I just found out that in the "frontaccounting/includes/system_test.inc", file for checking the requisites before installation, a test is made on the presence of mysql_connect and not on the "modern" mysqli_connect. That should be changed. My php mysqli extension is working fine...


----------



## vladi (Oct 5, 2020)

and... of course... I need to substitute *every* occurrence of mysql_ occurring in db maintenance files with mysqli_ . Then I'll see if it works...


----------



## dd_ff_bb (Oct 5, 2020)

out of curiosity mysql connector was dropped in php v7.0 so how is it possible previous version of frontaccounting was working with php 7.2 and updated version of frontaccounting tries to use mysql which is not available since php v7.0


----------



## vladi (Oct 5, 2020)

Ok.
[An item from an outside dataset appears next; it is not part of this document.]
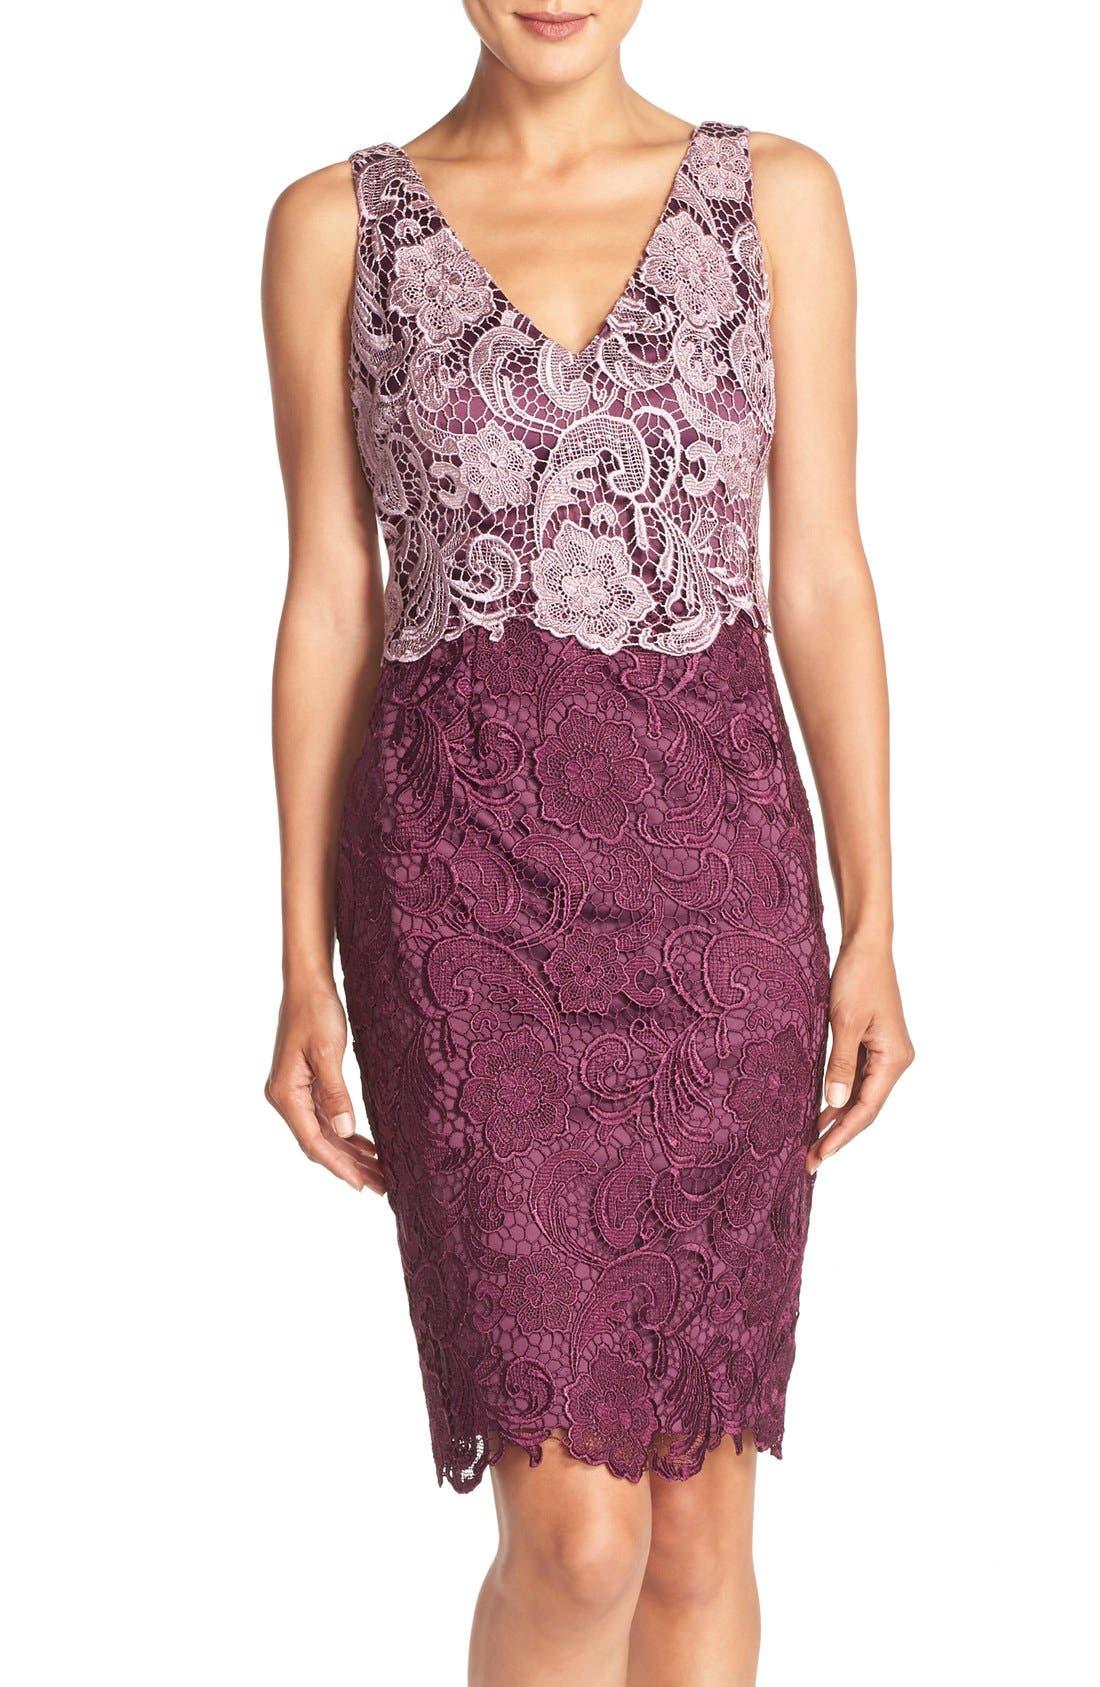 Alternate Image 1 Selected - Adrianna Papell Colorblock Floral Lace Sheath Dress (Regular & Petite)

I feel quite a troglodyte now, and will stop tampering with the thing. All function calls from mysqli need more parameters than their corrispective mysql ones. I'll go on another time.


----------



## richardtoohey2 (Oct 6, 2020)

Looks like the FreeBSD port is the older 2.3 stream of Front Accounting and the 2.4 stream is the PHP 7-compatible version.


----------



## Lamia (Oct 6, 2020)

This is a side attraction - good to see dolibarr now in freshports.


----------



## usdmatt (Oct 6, 2020)

Maybe I’m looking at the wrong project but on GitHub it has been loading the mysqli version of the db library includes/db/connect_db_mysqli.inc since 2014, but only if it can find the mysqli_connect function. If it can’t it falls back to the old mysql module, and will just give the above error if mysql_connect doesn’t work.

I haven’t bothered to download the source that ports is using, but if it’s the same software then I’d wager it’s still an issue with the web app seeing the mysqli driver. The port makefile lists mysqli as a requirement so the version the port is downloading clearly isn’t coded to require the old extension.


----------